3.2. X-ray Crystallography

Suitable crystals of Compounds 2–5 were attached to a fine glass fiber and mounted in goniostat for data collection. Data collections were performed at 150 K under liquid nitrogen vapor for all compounds. Data were collected on a Bruker SMART CCD diffractometer with graphite monochromated Mo-Kα radiation. No significant crystal decay was found. Data were corrected for absorption empirically by means of ψ scans. All non-hydrogen atoms were refined with anisotropic displacement parameters. For all the structures, the hydrogen atom positions were calculated and they were constrained to idealized geometries and treated as rigid where the H atom displacement parameter was calculated from the equivalent isotropic displacement parameter of the bound atom.
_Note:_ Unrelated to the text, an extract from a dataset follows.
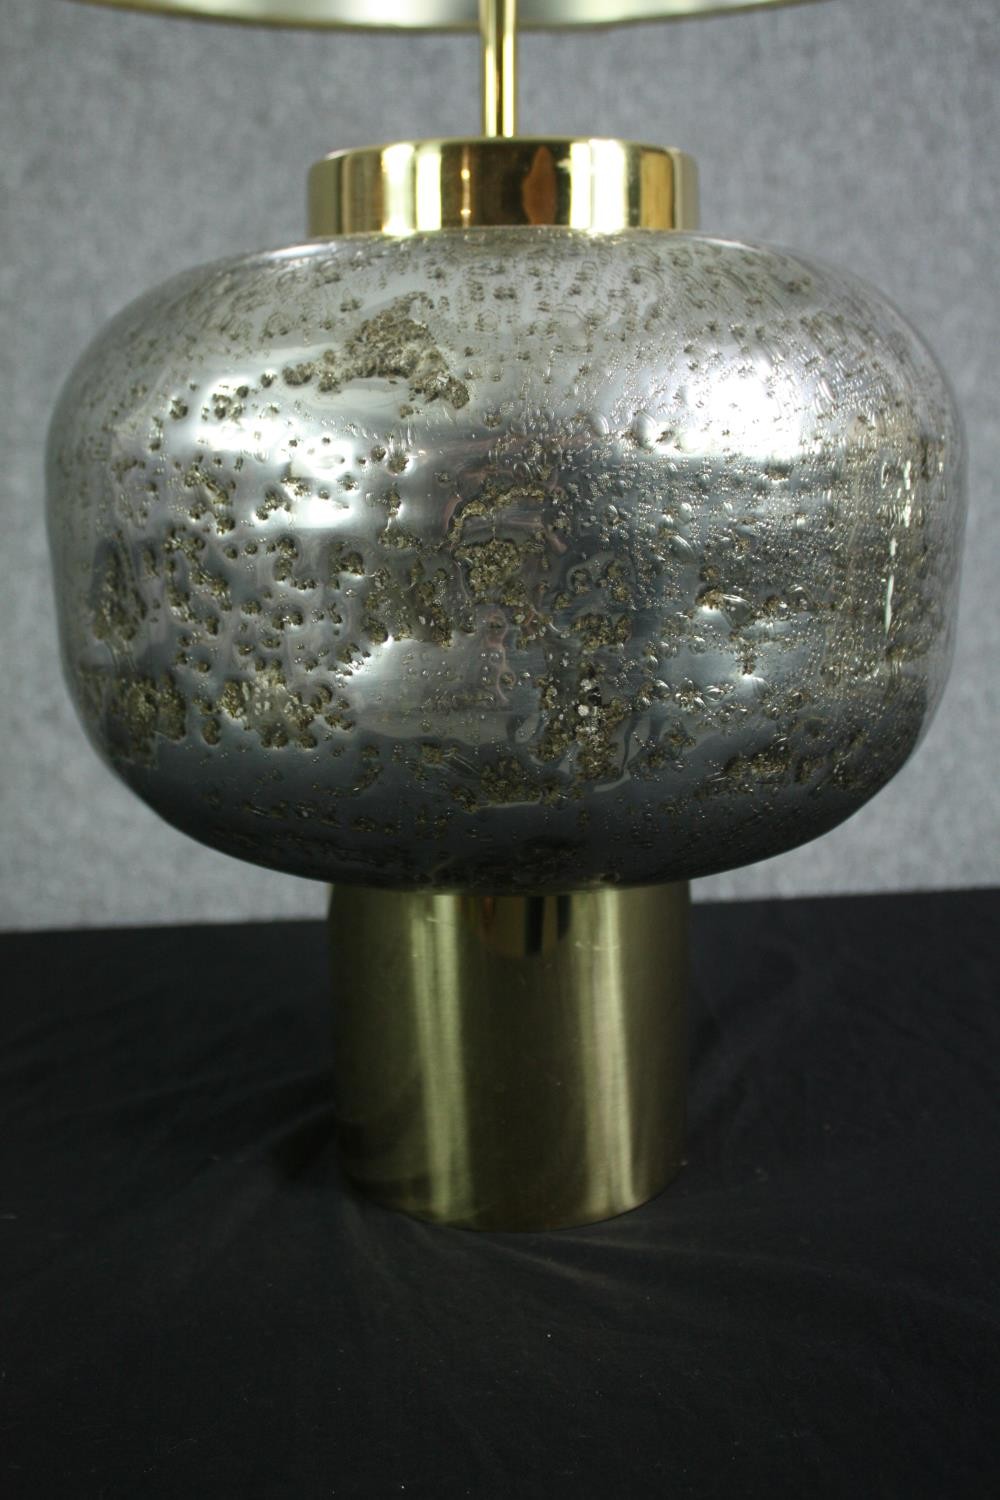 A modern designer table lamp. Brass and steel. With a distressed pitted finished and brass base. The - Image 5 of 5

An absorption correction was performed with the program SADABS [55] and the structures of both complexes were determined by direct methods procedures in SHELXS [56] and refined by full-matrix least-squares methods, on F’s, in SHELXL [57]. All the relevant crystallographic data and structure refinement parameters are summarized in Table 1.

4. Conclusions

We have successfully employed a bidentate pyrrole-ketone ligand with ruthenium compounds to form a series of Compounds 2–5 and their structures were determined by X-ray single crystallography. A preliminary test of hydrogen transfer reactions of acetophenone and isopropyl alcohol using these ruthenium compounds showed low conversion. We are currently using Compounds 2–5 to investigate the catalytic activities of hydrogen transfer reactions toward varieties of ketones and alcohols and the hydroaminations of inter- and intra-molecular alkenes and alkynes.